We even came across a sign requesting that travellers not give money, food or other items to the children begging in town. The sign, creatively expressed, “By giving me food, money or other items I ask of you, you are supporting my life on the streets, which will inevitably lead to a life of of violence, drugs and poverty”. The sign explained that there are MANY organisations in the area working extremely hard to support these children in more effective and sustainable ways, and that giving children even just the smallest bit of money or food, is discouraging them from seeking out these services. We’re heard this message before, but no one has ever gone to the trouble of actually making a sign and overtly explaining this to well wishing tourists. It was that extra step that was taken to make this sign that highlighted to me the commitment to ensuring children were supported properly and well.
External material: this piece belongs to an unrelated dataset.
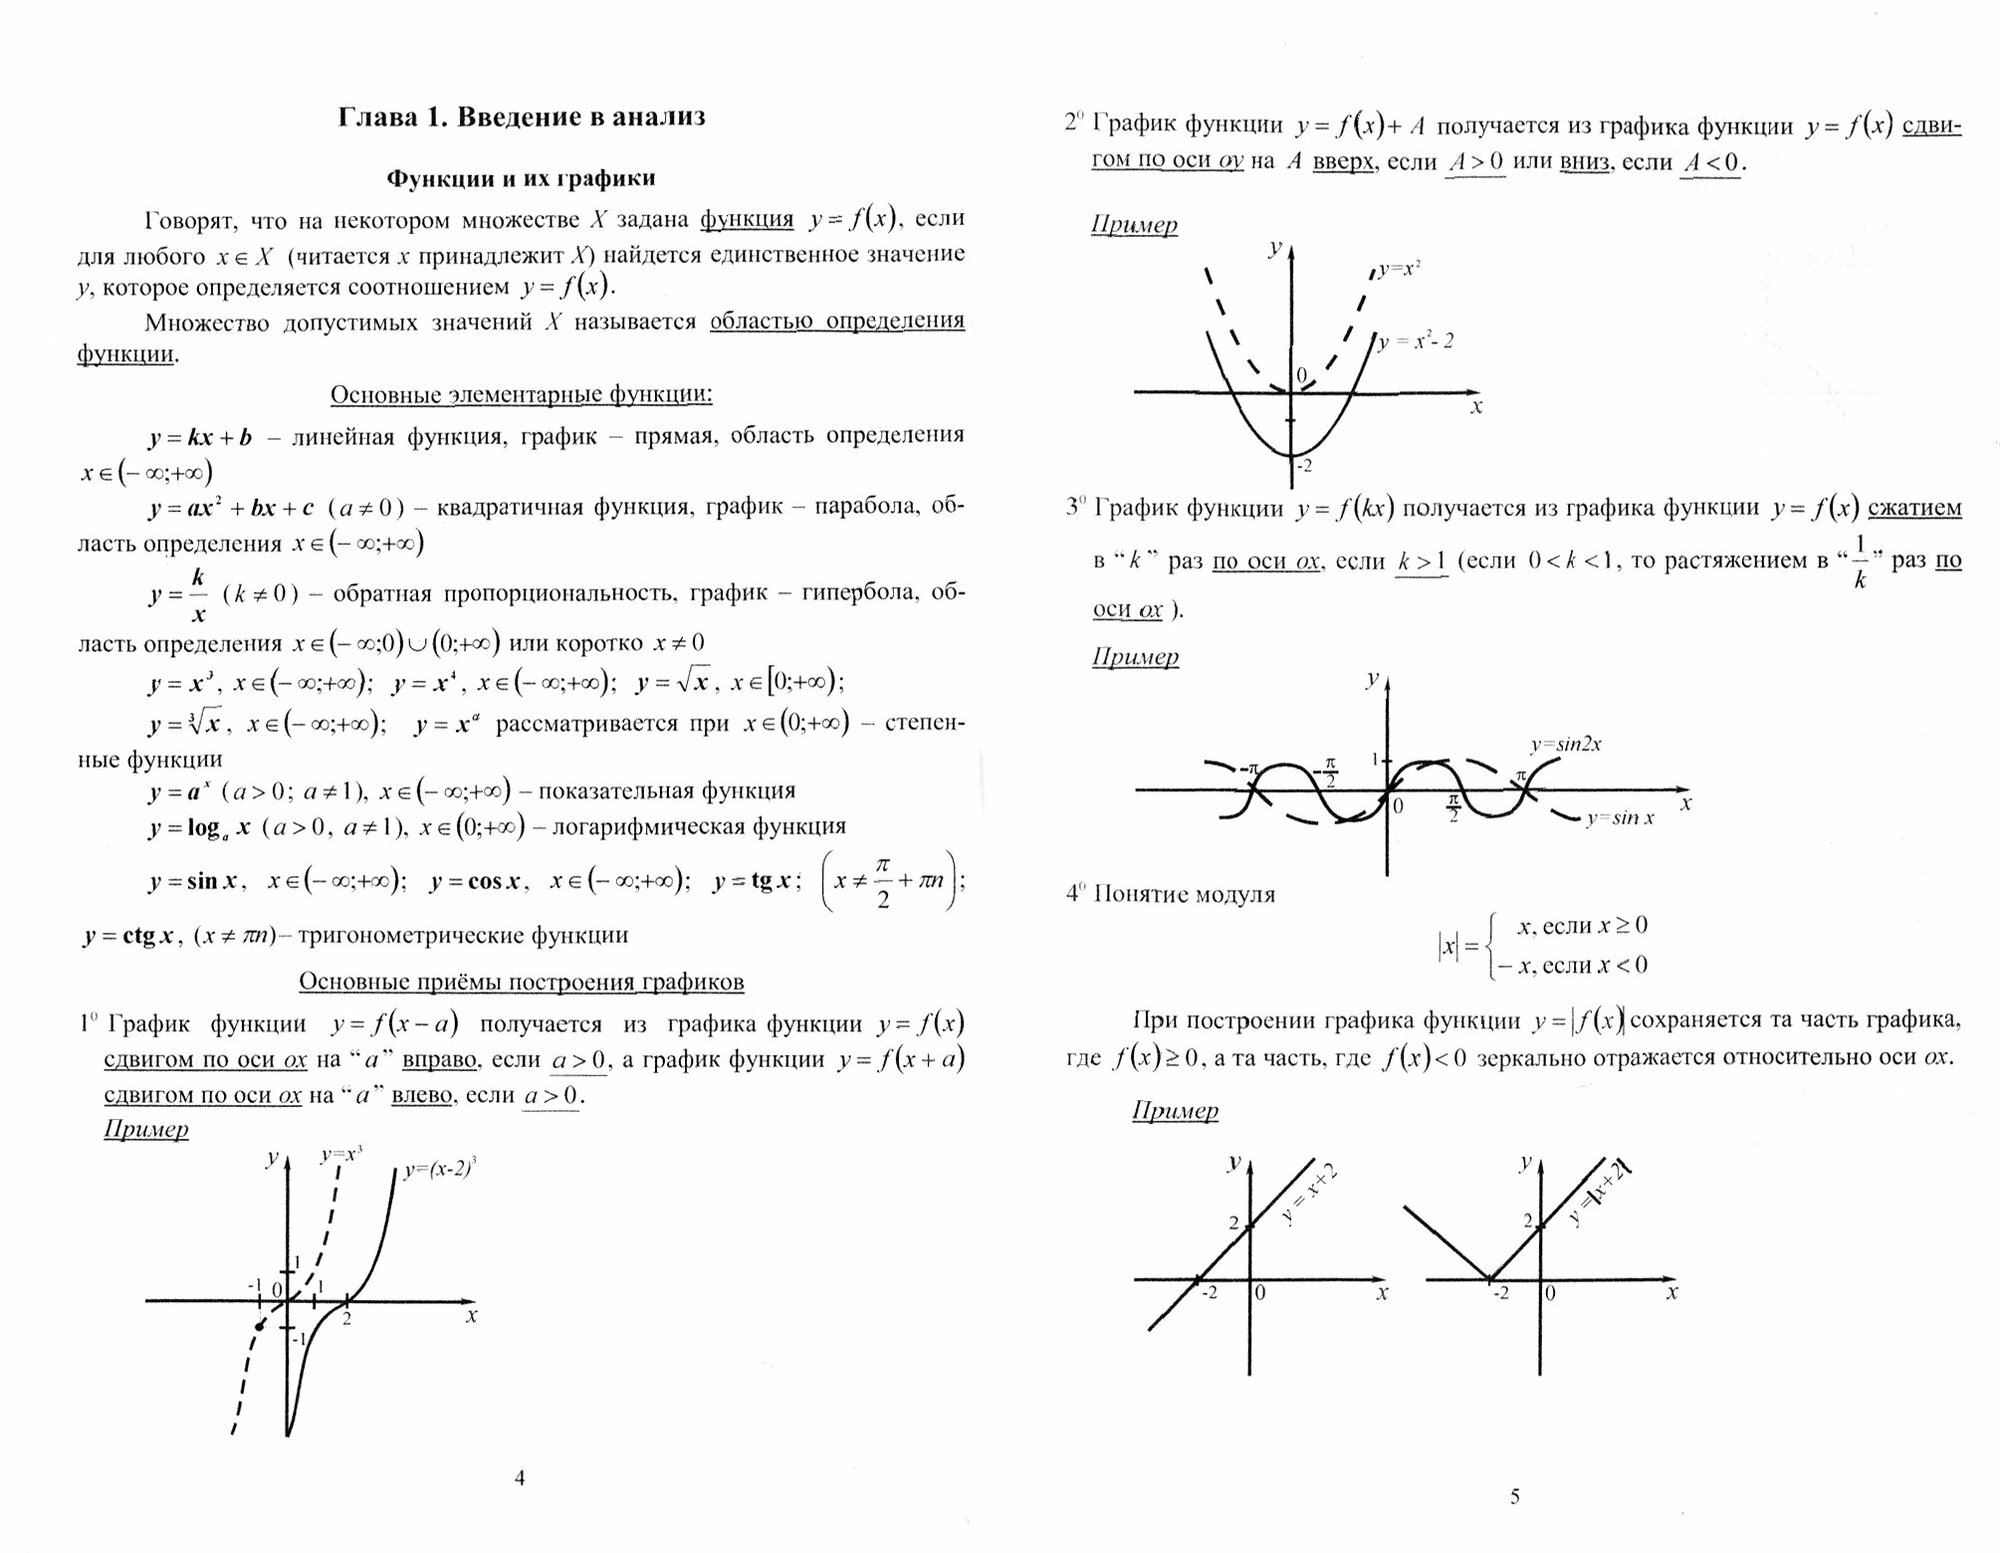 Сборник заданий по высшей математике с образцами решений. Учебно-методическое пособие - фото №2

I’d like to do a bit more research and find out exactly what influences this kind of attitude in people. As someone from Australia, where there are a lot of generous people, but a huge amount of selfish people as well, it really does fascinate me. Perhaps it is due to their religion; most Nepali’s believe and practice a combination of Buddhism and Hinduism. Or maybe it is because most people have had to struggle to survive at some point and for those who have come to live a comfortable life, they are never too far away from the poverty that they once experienced. 

Or perhaps it is due to the incredibly strong family values in Nepal. There is definitely much more of a collective culture here where family is the centre of a person’s world, and that includes extended family and to a lesser degree, extended community. Maybe this strong connection with family and community, creates a greater sense of responsibility and commitment to their people. I’m not sure, but it was refreshing to be around.